Graceful termination best practices: saving session context, notifying external services
Save session context and key metrics before ending the call so you can analyze interactions later. Notify external services with a final webhook or API call that includes call outcome and metadata. If you can’t complete a post-call operation synchronously, record a task for reliable retry and inform the user in the call if appropriate.
Testing End Call behavior across edge cases (network errors, mid-call errors)
Simulate network failures, mid-call errors, and abrupt disconnects to ensure your End Call step handles these gracefully. Verify that logs still capture necessary data and that external notifications occur or are queued. Test scenarios that end earlier than expected and ensure cleanup doesn’t assume further steps will run.
Conclusion
You’ve seen the main building blocks of Vapi voice automation and how to assemble them into robust scenarios. This final section summarizes next steps and encourages continued experimentation.
Summary of key steps for building Vapi scenarios with Functions, DTMF, End Call, Transfers, and API integrations
To build scenarios, prepare accounts and credentials, set up your environment with a secure secrets store, and configure Twilio and ngrok for testing. Use Functions to enrich data and format payloads, DTMF handlers to collect input, Transfers to route calls, End Call to finish sessions, and API tools to integrate external services. Map inputs and outputs carefully, version scenarios, and test thoroughly.
Recommended next steps: prototype, test, secure, and iterate
Prototype a simple scenario first (greeting, DTMF menu, and End Call). Test with sandbox and real phone numbers, secure your credentials, and iterate on prompts and branching logic. Add logging and observability so you can measure success and improve user experience. Gradually add integrations like Google Calendar and SMS to increase value.

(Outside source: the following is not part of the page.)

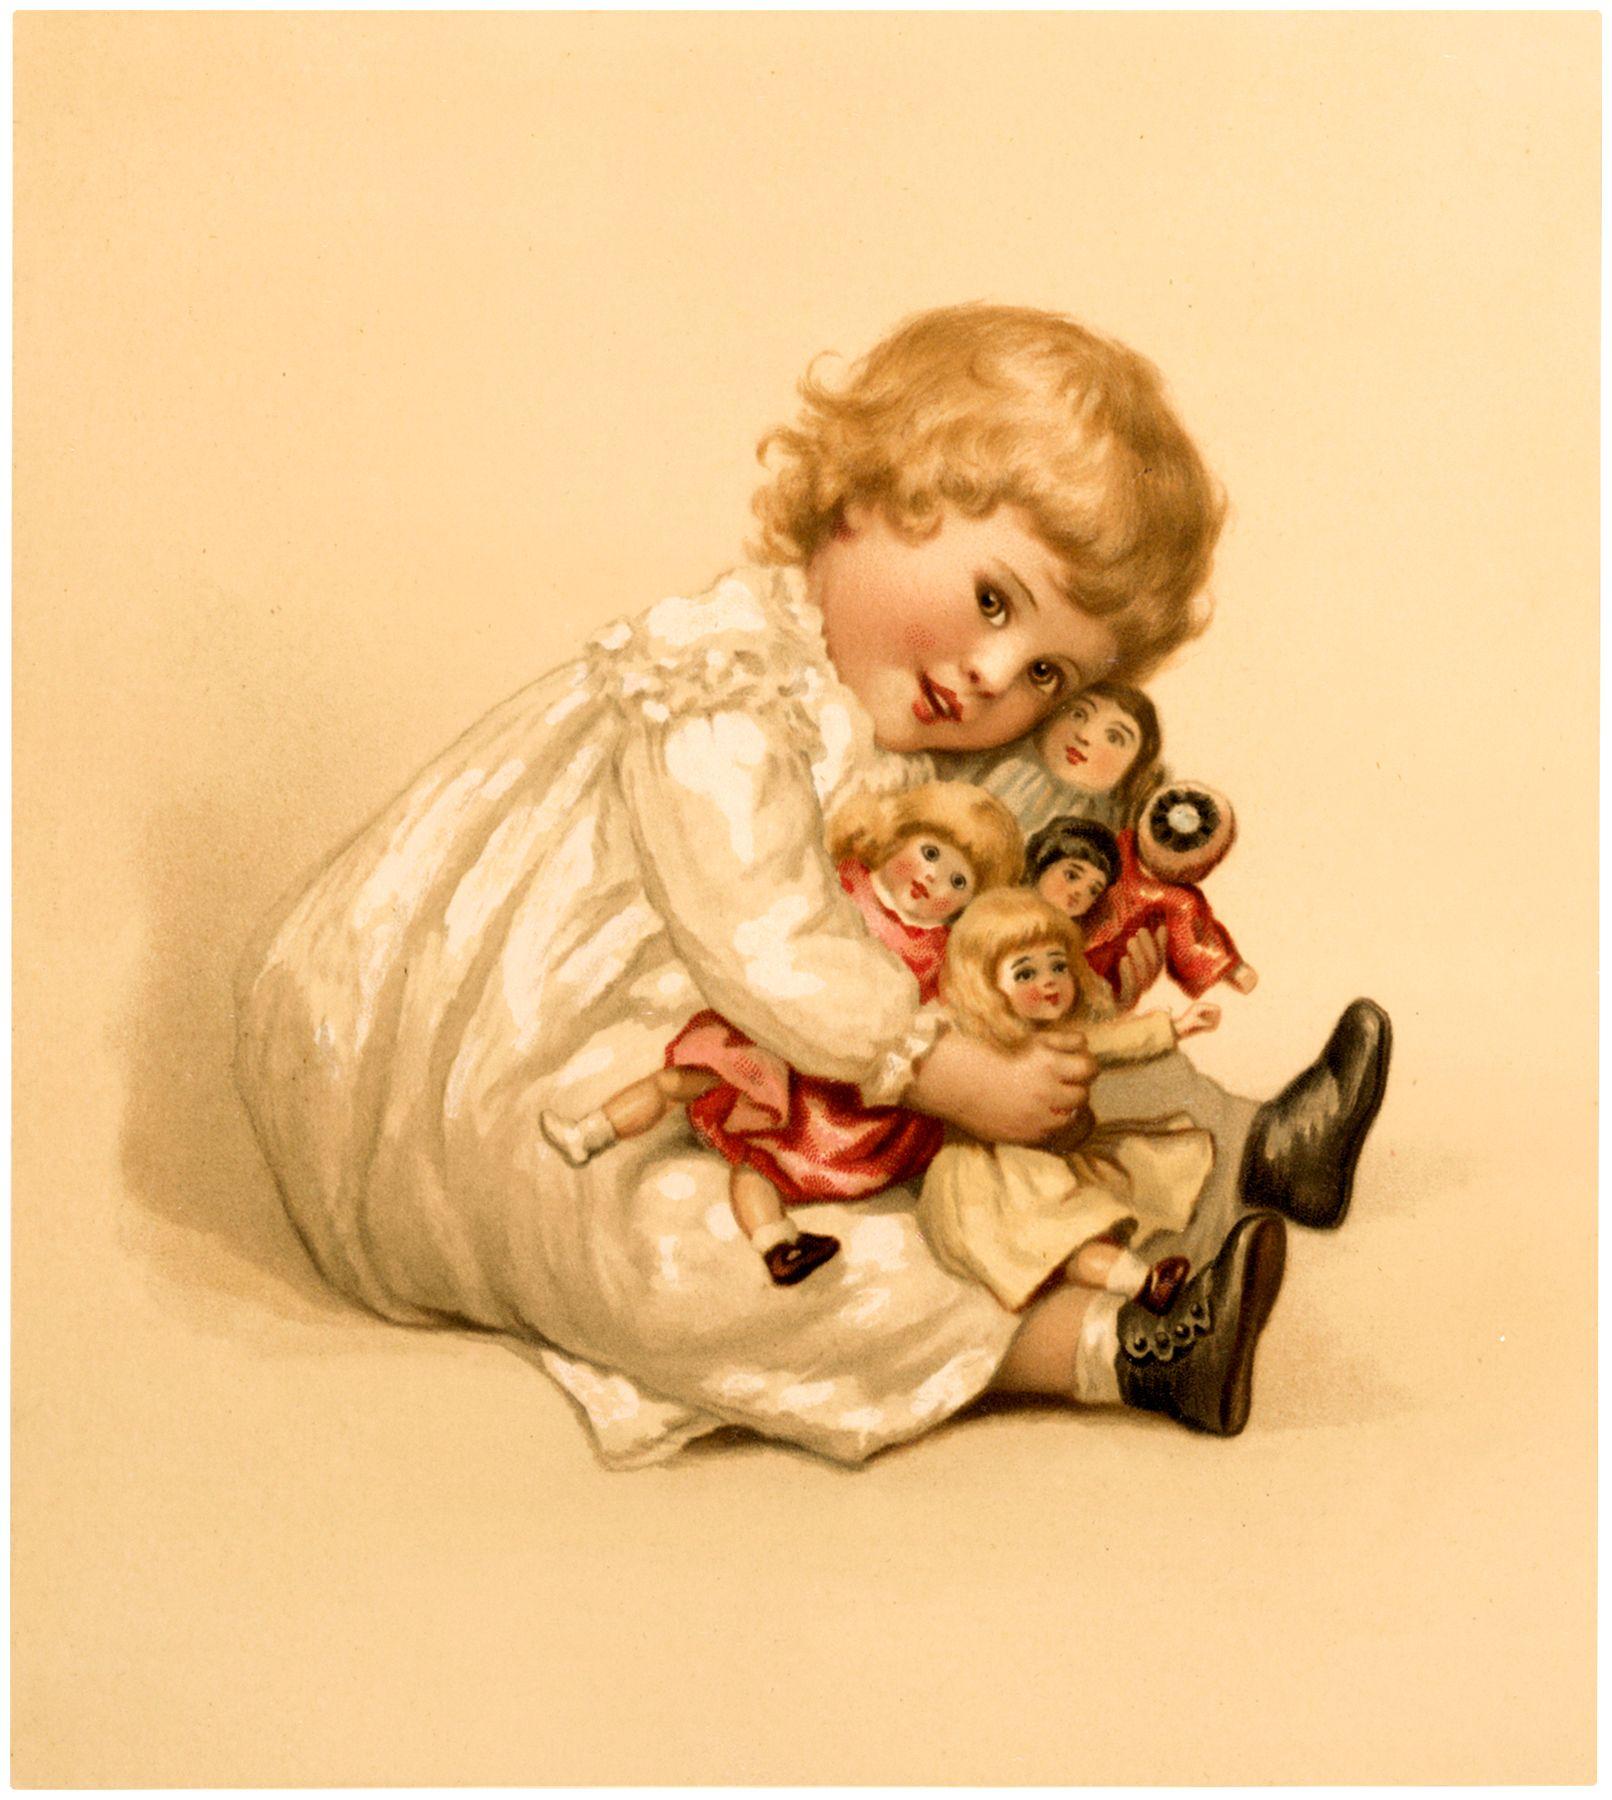 8 Vintage Girls with Dolls Images! | Vintage girls

Where to get help, how to provide feedback, and how to contribute examples or improvements
If you run into issues, consult your internal docs or community resources available in your workspace. Provide feedback to your platform team or maintainers with specific examples and logs. Contribute back by adding scenario templates or prompt examples to the Tool & Prompt Vault to help colleagues get started faster.
Encouragement to experiment with the Tool & Prompt Vault and share successful scenario templates
Experiment with the Tool & Prompt Vault to reuse effective prompts and template logic. Share successful scenario templates and Functions with your team so everyone benefits from proven designs. By iterating and sharing, you’ll accelerate delivery and create better, more reliable voice experiences for your users.